Урожайный год для писателя – в 2015-м вышли сборник его рассказов «Как же ее звали?» и роман «Вера», за который Снегирев  получил литературную премию «Русский Букер». И вот – дебют в журнальной версии «Сноба», рассказ «Ипотека». Очень чувственный, несмотря на название.

Фото: National Trust Photographic Library/Mark Fiennes/Bridgeman Images

 

Москву банкир заполучил. Обхаживал, штурмовал и своего добился. Но что толку. Он знал, она ему не принадлежит. Будь его воля, он бы сровнял с тротуарной плиткой все местные особнячки и башни. А потом бы и плитку выковырял. Бронзовые памятники пустил бы на цветмет, а гранитные – на щебень. А парки бы вырубил. В общем, непростые отношения были у него с городом.

Родился банкир в Сибири, куда во время германского наступления эвакуировали мальчишку-отца. Мать была из местных. Постоянно лепила пельмени. Отец выучился, получил должность, но стремился обратно. Правда, не в родное местечко, а в какой-нибудь из миллионных городов европейской части державы. Строго говоря, в столицу. 

Отца, однако, обездвижило какое-никакое благополучие. Женился, родил сына, дали квартиру, оброс уютом. А банкир, который тогда еще банкиром не был, едва совершеннолетия достиг, решил папашину мечту осуществить. Подтолкнуло его к этому одно заурядное в тех краях событие. Провожал девушку, а на обратном пути повстречал незнакомых пацанов.

– Ты откуда? – спросили пацаны.

– С Редукторной, – ответил будущий банкир. 

– Это тебе минус, – сказали пацаны и давай его колотить велосипедными цепями по шапочкепетушку.

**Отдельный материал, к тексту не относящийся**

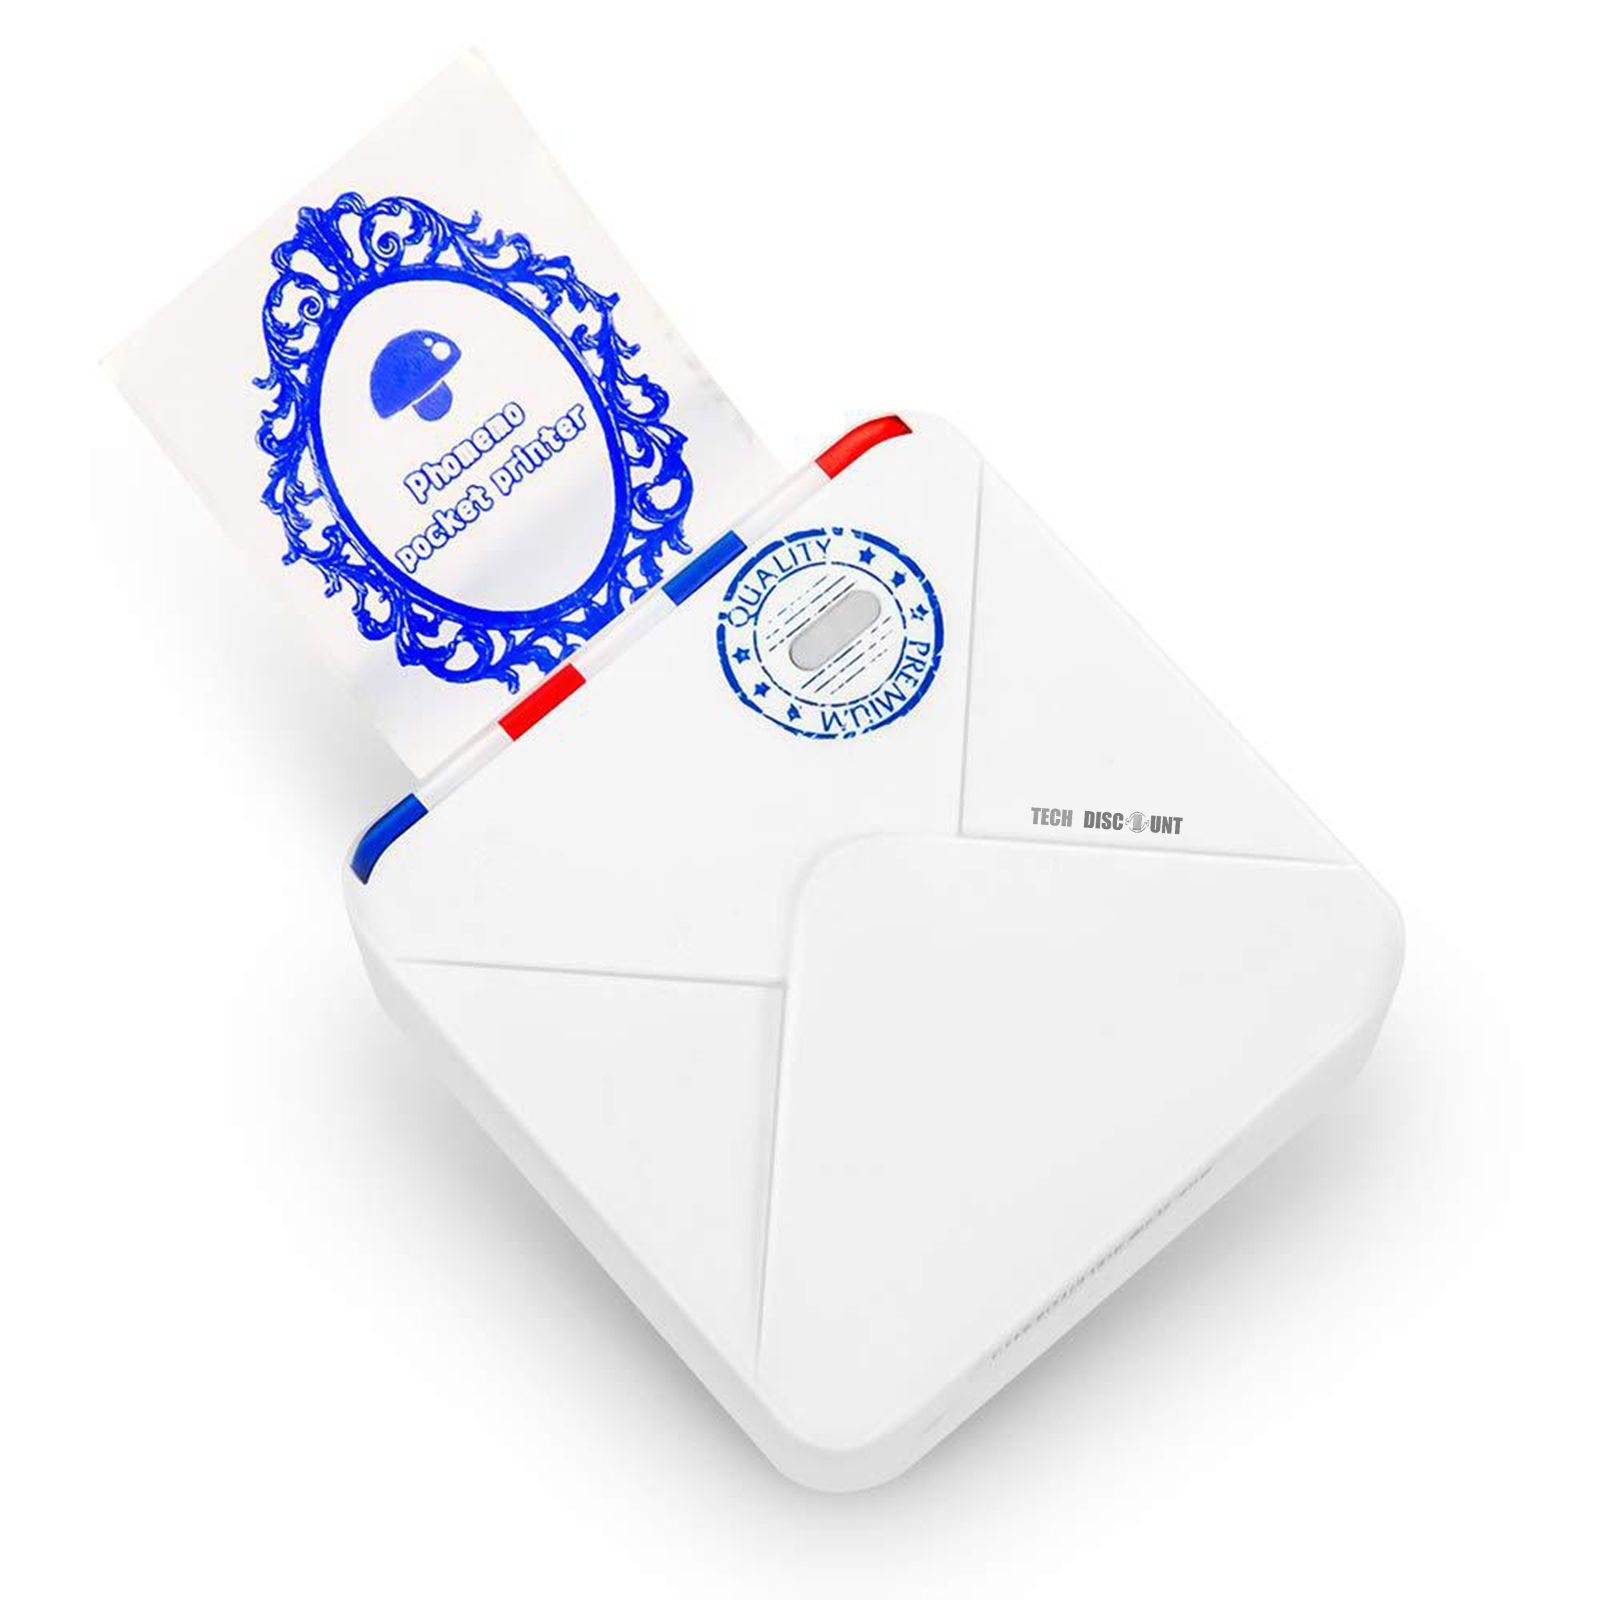 Imprimante thermique portable Phomemo M02S, imprimante de poche sans fil HD  300 dpi, impression de papiers de 3 tailles, compatible avec iOS 
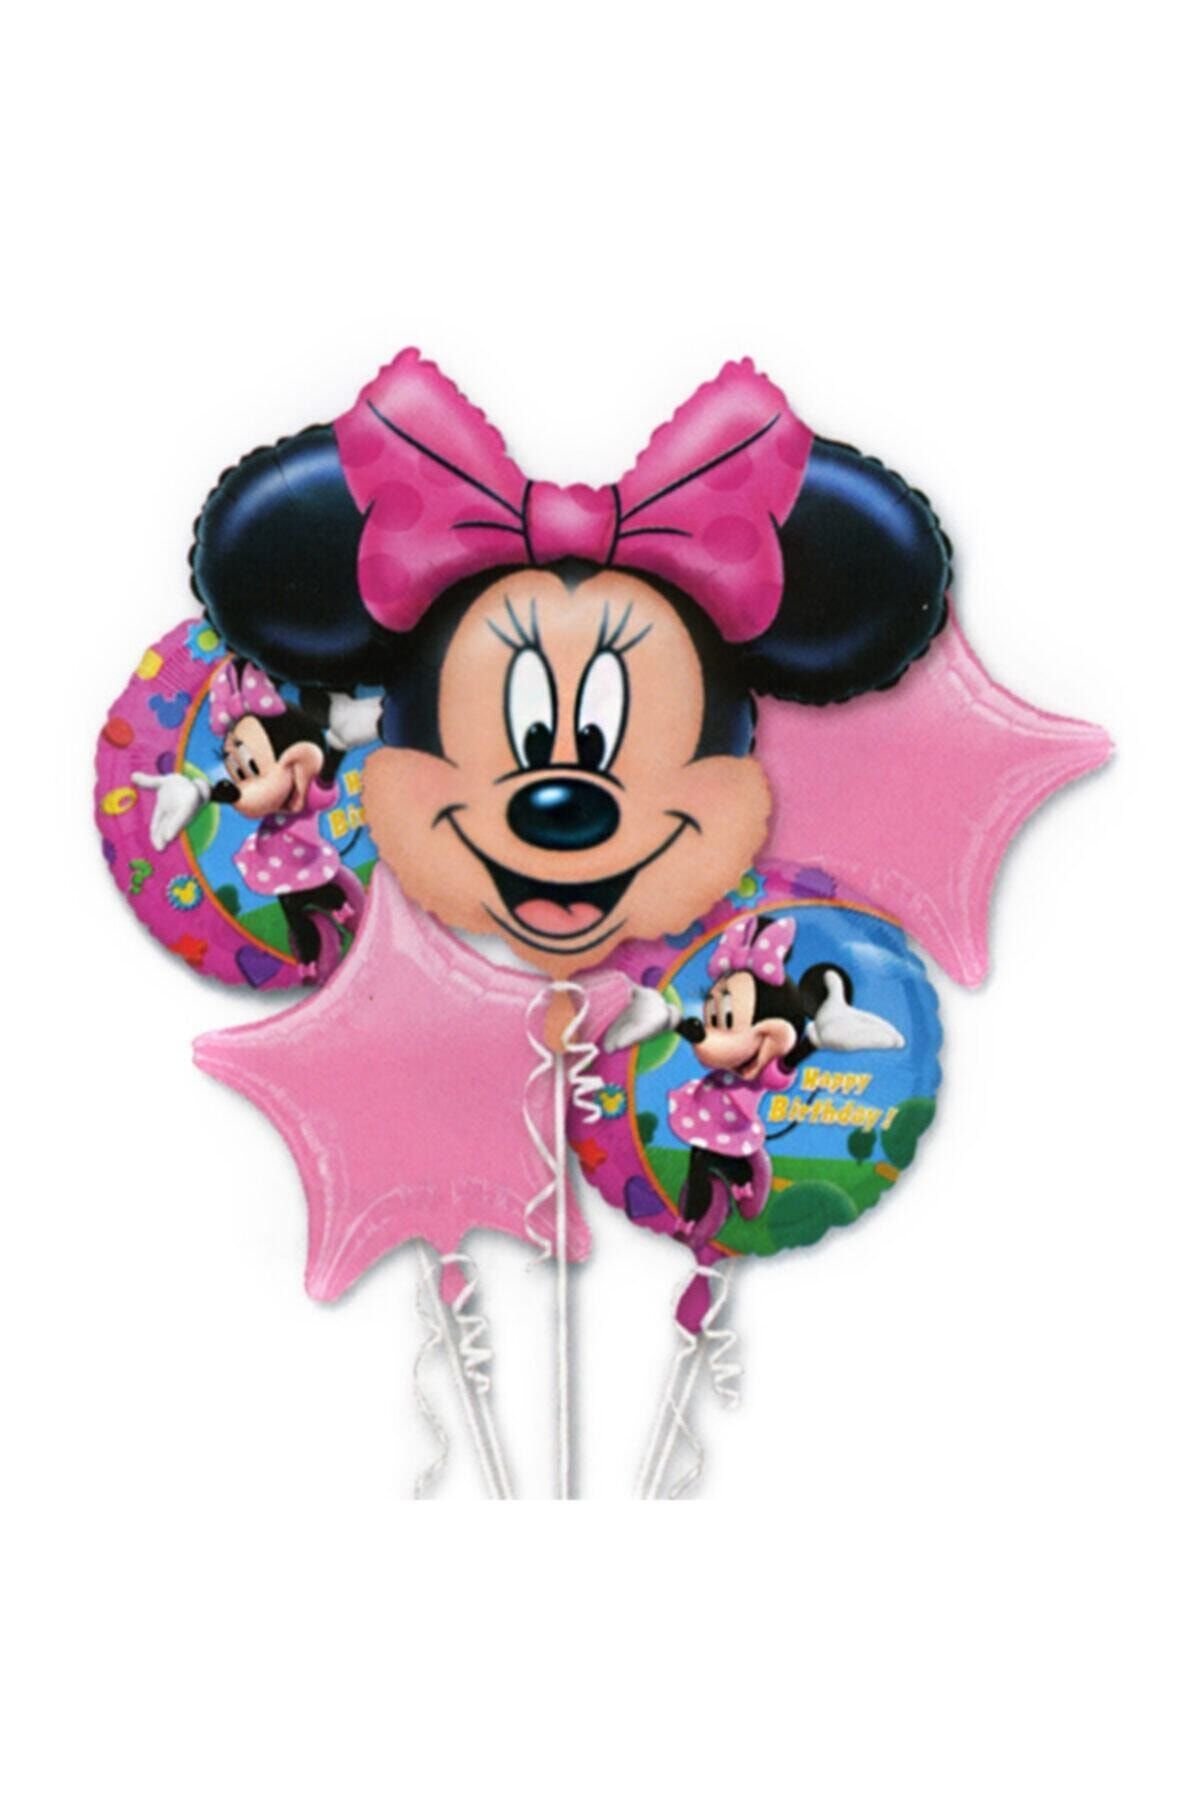 Organizasyon Pazarı Minnie Mouse 5'li Folyo Balon Set

Оклемавшись, наш герой стал посещать качалку и прекратил прогуливать лекции. Женился. На той самой, проводы которой привели к личностному росту. Ее неуклюжие ласки не слишком его будоражили, но сексуальные потребности имелись, а за юбками бегать – ни на какую учебу времени не хватит. Лучше, чтоб всегда под рукой. Не фотомодель, зато своя.

Наступившая эпоха перемен давала о себе знать: магазины опустели, студенты и аспиранты целыми курсами отбывали за океан. Только не он. Его целью была Москва. Ясно осознав, что на ближайшие лет десять ученые степени утратят актуальность, а возможности откроются безграничные, молодой человек бросил недописанную кандидатскую и купил два билета до столицы, годовалая дочь имела право на бесплатный проезд. 

Осторожные люди назовут такие действия опрометчивыми, но судьба, как мы вынуждены заметить, благоволит отчаянным. Правда, не сразу. Путь покорения столицы незащитившийся аспирант начал с распространения бесплатных рекламных газет. Катил за собой тележку, раскладывал по ящикам. Быстро сообразив, как устроено дело, он нанял десяток исполнительных горемык и вскоре охватил сетью подконтрольных доставщиков целый район. Не успела бурная река барышей потечь в его карманы, как владельцы самой газеты обнаружили оборотистость своего непримечательного, казалось бы, вассала и выперли его, отжав наработки.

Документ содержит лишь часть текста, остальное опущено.